(until (is (len winset) set-count)
(let n (rand:1up top)
(if (>= n bottom) (insortnew < n winset))))
is not optimal.
Because, say if `bottom' is 30 and `top' is 40, in nearly the 3/4 of times, you'll call 'rand but not use the result, and you'll make a wasted loop turn.
A solution:
(def genWIN->Nums2 (set-count bottom top)
"Generates a list of `set-count' random numbers, each
in the range between `bottom' and `top' (inclusives).
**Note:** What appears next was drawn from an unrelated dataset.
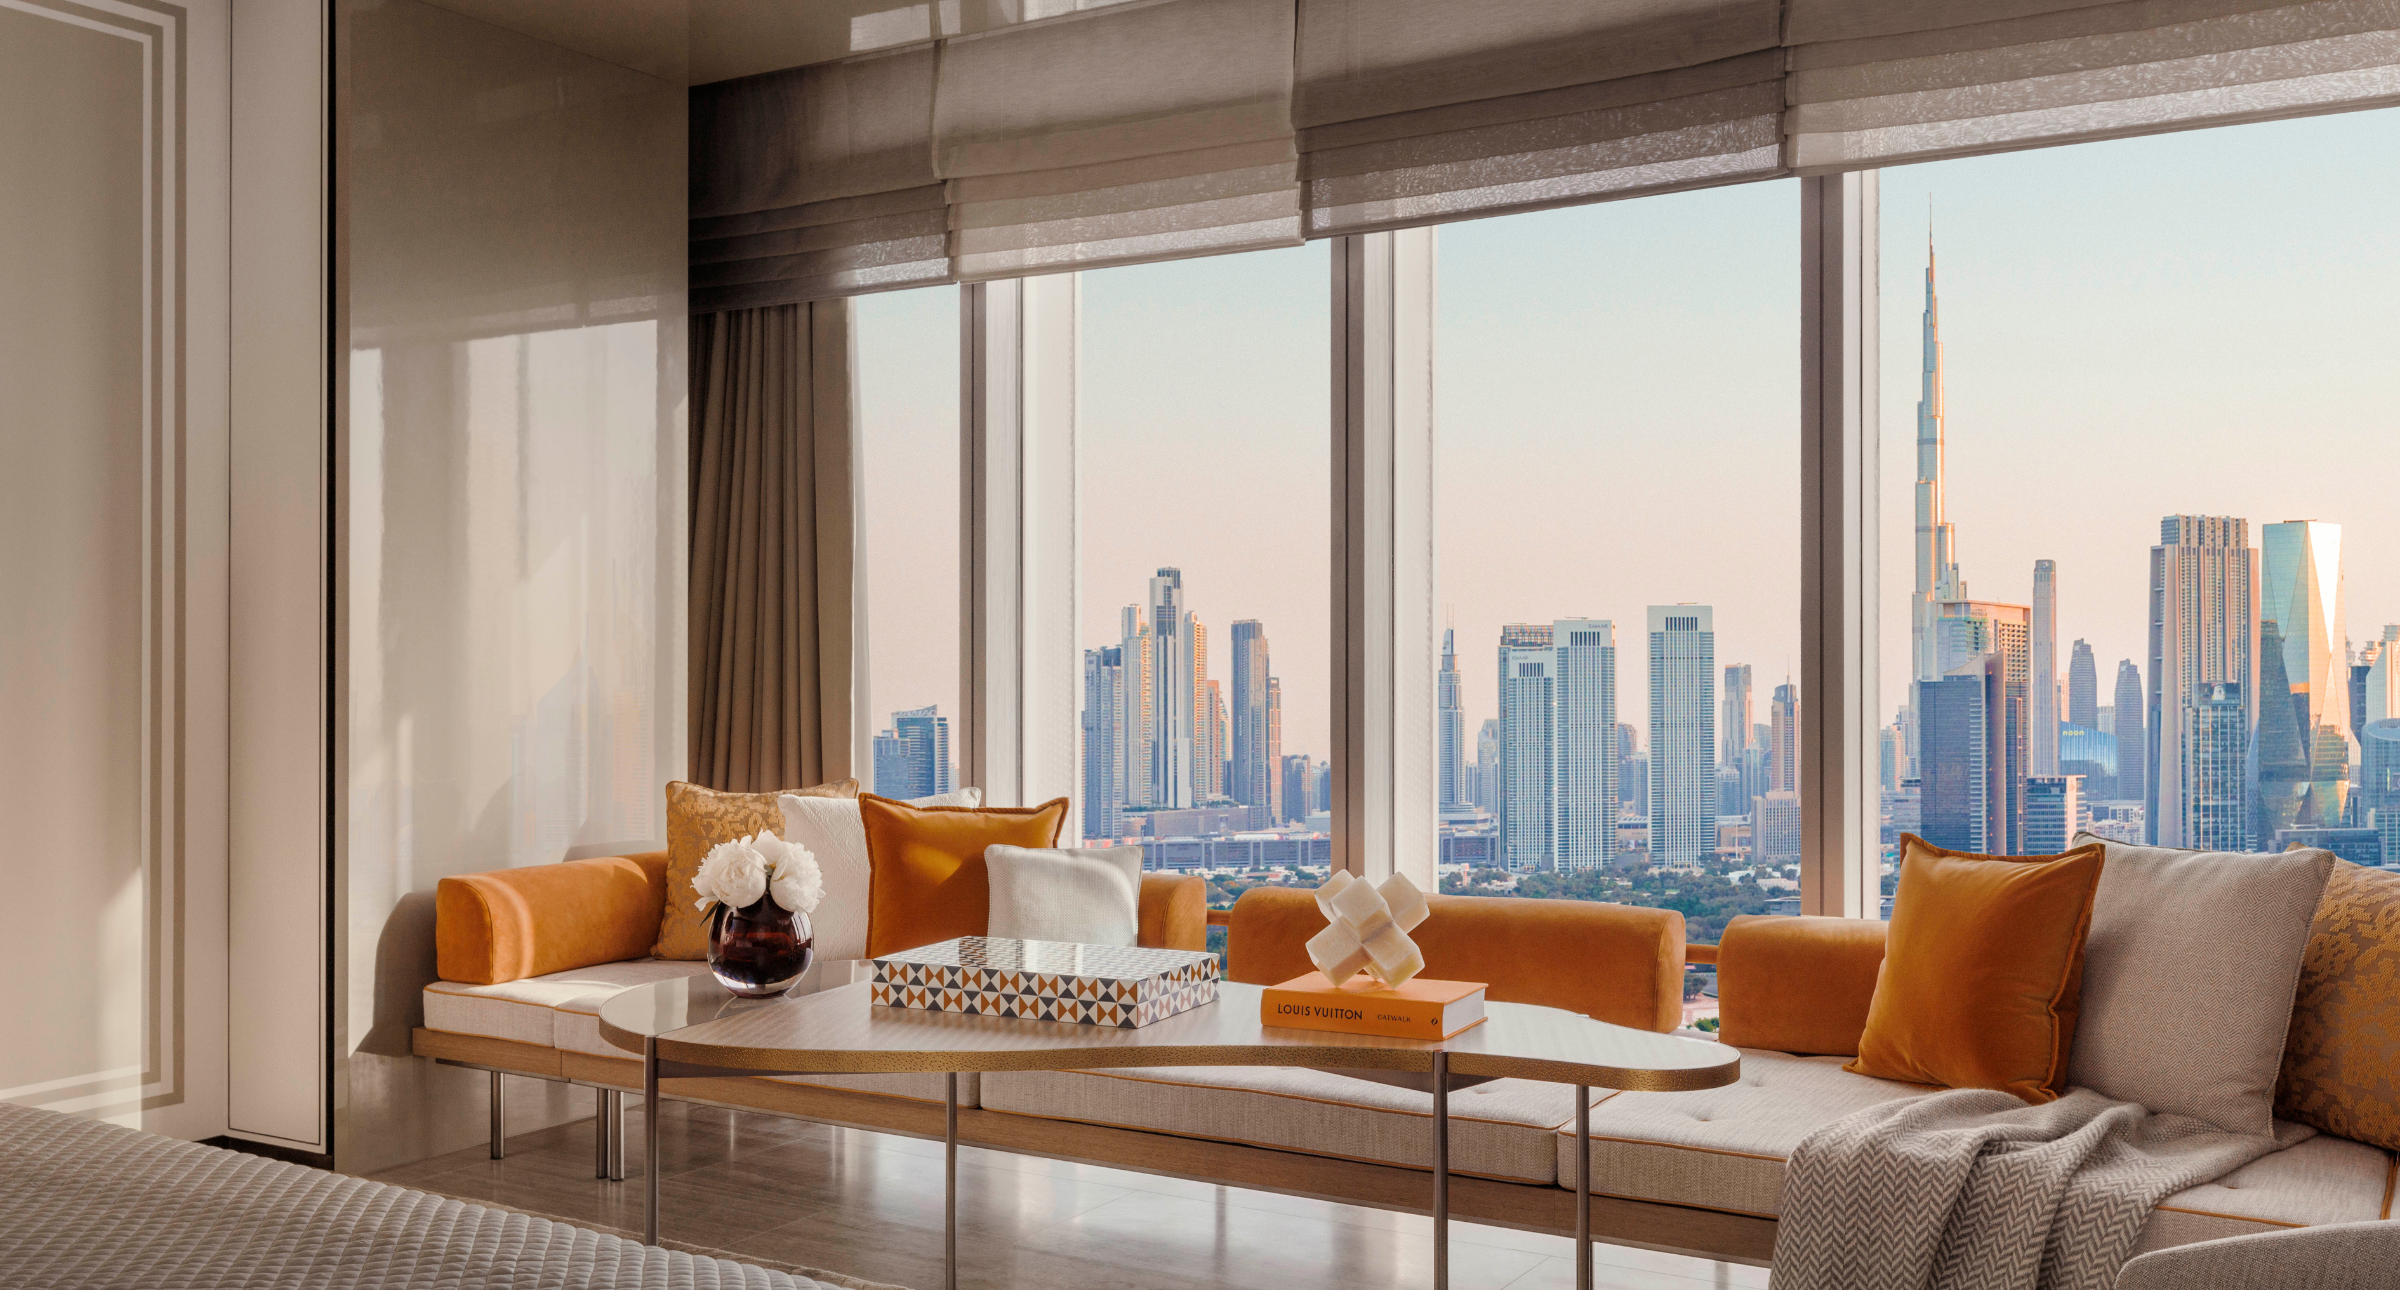 【#Travel】沙漠裡的城市奢華， One&Only One Za'abeel 酒店以雙塔建築結合簡約和諧的裝潢設計，創造杜拜高級旅宿新境界

The generation doesn't waste any CPU cycle :-)."
(let winset nil
(until (is (len winset) set-count)
(let n (rand (- (1up top) bottom))
(insortnew < (+ n bottom) winset)))
(prall:pretty-nums winset)))
The idea is, for `bottom'=30 and `top'=40, to get a random number between 0 and 11, and then add `bottom' to it.
That's awesome. I hadn't gone that far... and have yet to create any sort of habitual thinking around optimizations...
Need to think like you more.
Thanks.
T.
From what I've seen, the numbers should be fairly random.
It is often humans that misunderstand randomness, and not computers, as said in the linked article in CatDancer's post.
However, randomness is a complex issue in computing, and it's good to keep it in mind.
See for example:
$ man 3 rand # here on a linux system
[...]
NOTES
The versions of rand() and srand() in the Linux C Library use
the same random number generator as random(3) and srandom(3),
so the lower-order bits should be as random as the higher-order
bits.
However, on older rand() implementations, and on current
implementations on different systems, the lower-order bits are
much less random than the higher-order bits.
It means, on old systems, the situation is something like:
- rand() outputs a 4 bits integer, so the value goes from 0 to 15,
- if you do 'rand() % 10', there is a 2/16 probability you get a number in [0, 5],
and only 1/16 you get a number in [6, 9].
Mind if I ask where the other 13/16 went? Since rand() % 10 can only output 0-10 there are only 10 possibilities, all of which are covered in your two ranges.
Either people frequently have problems with statistics as well, or random numbers are really complicated ;)
Well, I'm totally not an expert in "randomness assisted by computer", I just know it's something, like cryptography, where you should be careful before implementing your own solution.
And I am bad in maths, and statistics/probas are so tricky (at least for me), you are right.
However, a code demonstration (in Perl, sorry, for perf/convenience):
# We fake a bad `rand()' function by only taking
# values between 0 and 15.
$cnt{rand(15) % 10} += 1 for (0..1_000_000);
print $_, "\t", $cnt{$_}, "\n" for (sort keys %cnt);
What you said is correct; the only problem is that with the numbers you quoted, the total probability of rolling a number in the range [0,10) is 2/16 + 1/16 = 3/16 < 1 :) The numbers you meant to quote, as borne out by your data above, are a 10/16 = 5/8 chance to get a number in the range [0,5), and a 6/16 = 3/8 chance to get a number in the range [6,10). (Equivalently, a 12/16 = 3/4 chance to get a number in the range [0,5] and a 4/16 = 1/4 chance to get a number in the range [6,9], but since that doesn't partition the [0,10) range evenly, it's less instructive.)